Top U.S. oil producer Exxon Mobil Corp. has kicked off a yearly performance review for U.S. staff, a process some workers dread because they view it this year as a prelude to stealth layoffs.
The evaluations are expected to assign about 5% to 10% of the workforce to performance improvement plans that can lead to forced departures for those unable to achieve managers’ goals, according to a person familiar with the process.
Exxon Mobil last year targeted 8% of U.S. employees as low performers—up from 3% historically.
The assessments are expected to continue into July and have been a mainstay “for several years” and are “entirely unrelated to any workforce reduction plans,” spokesperson Casey Norton said.
This year’s reviews are expected to rank at least 5% of its U.S. research and engineering employees at the lowest performance tier, according to internal Exxon Mobil documents seen by Reuters.
U.S. employees who land in the bottom tier can survive the cut by improving their performance. The company estimated 60% of those that are low-ranked will leave, according to the documents.
The evaluations come at a time Exxon Mobil is revamping operations to fit into a sharply reduced capital spending budget. An activist hedge fund that proposed to cut expenditures and improve returns won a quarter of board seats last month.
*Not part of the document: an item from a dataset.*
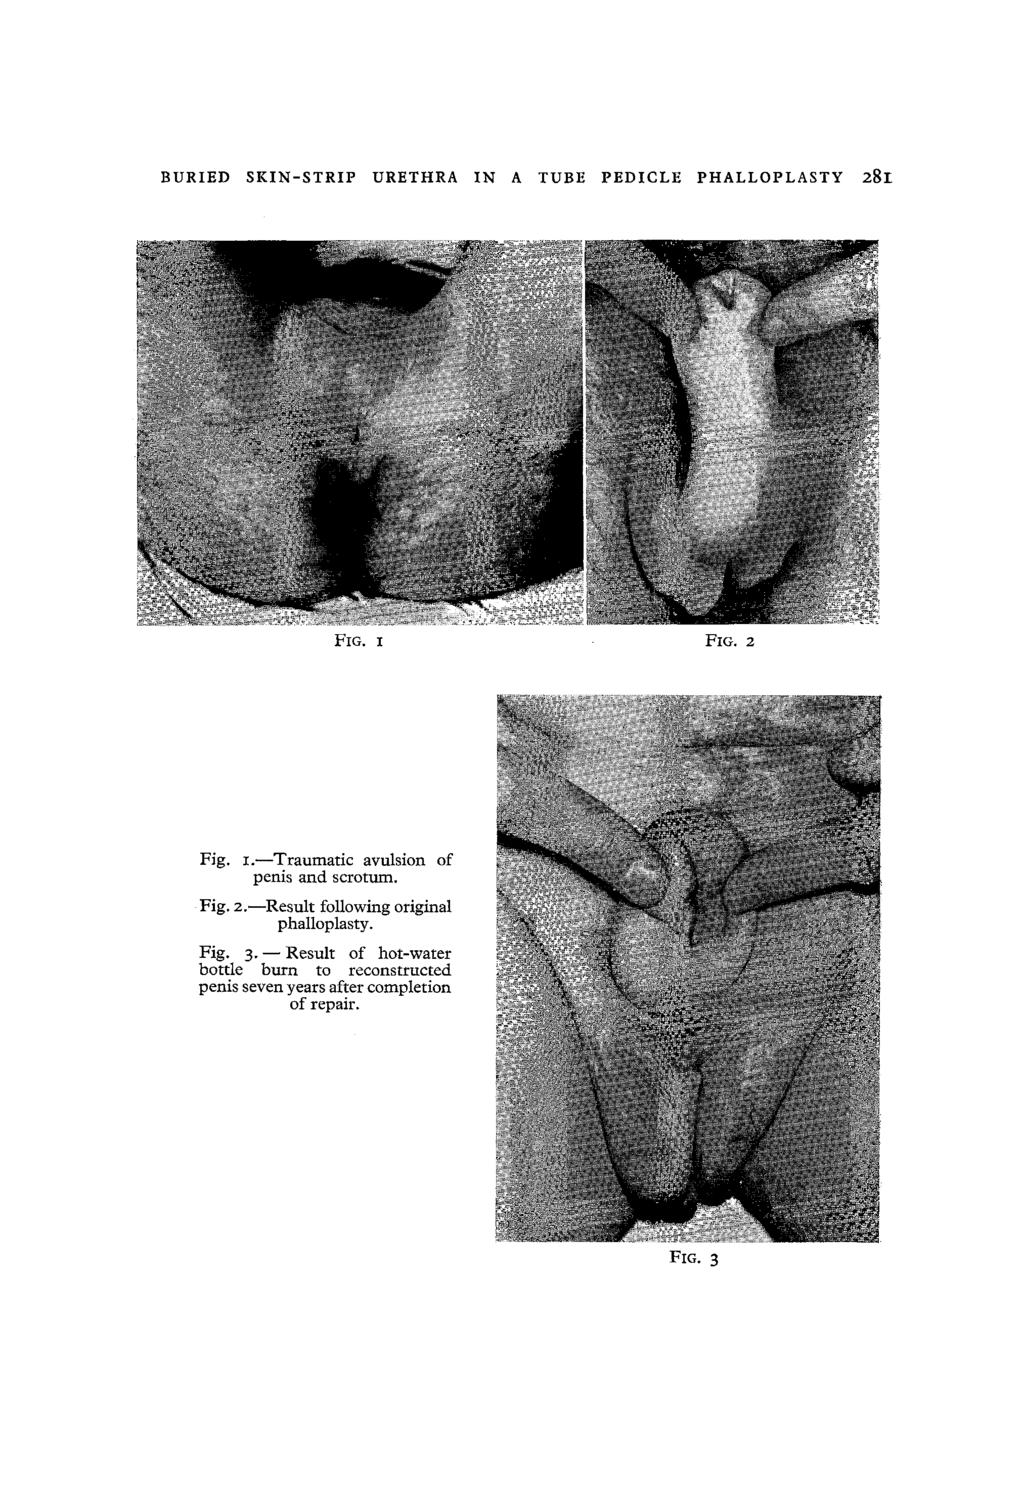 BURIED SKIN-STRIP URETHRA IN A TUBE PEDICLE PHALLOPLASTY 281 Fie. x Fro. 2 Fig. I.--Traumatic avulsion of penis and scrotum. Fig. 2.--Result following original phalloplasty.

Exxon Mobil had around 72,000 regular employees as of end-2020. It last year disclosed plans to reduce its global workforce by 14,000 by the end of 2021.
Exxon Mobil’s historic $22.4 billion loss last year led the company to slash project spending by a third and delay major expansion programs. At the same time, it added $21 billion to debt to help preserve its shareholder dividend.
Employee benefits like contributions to retirement plans also were axed last fall, though CEO Darren Woods has told employees the company expects to restore them in the future.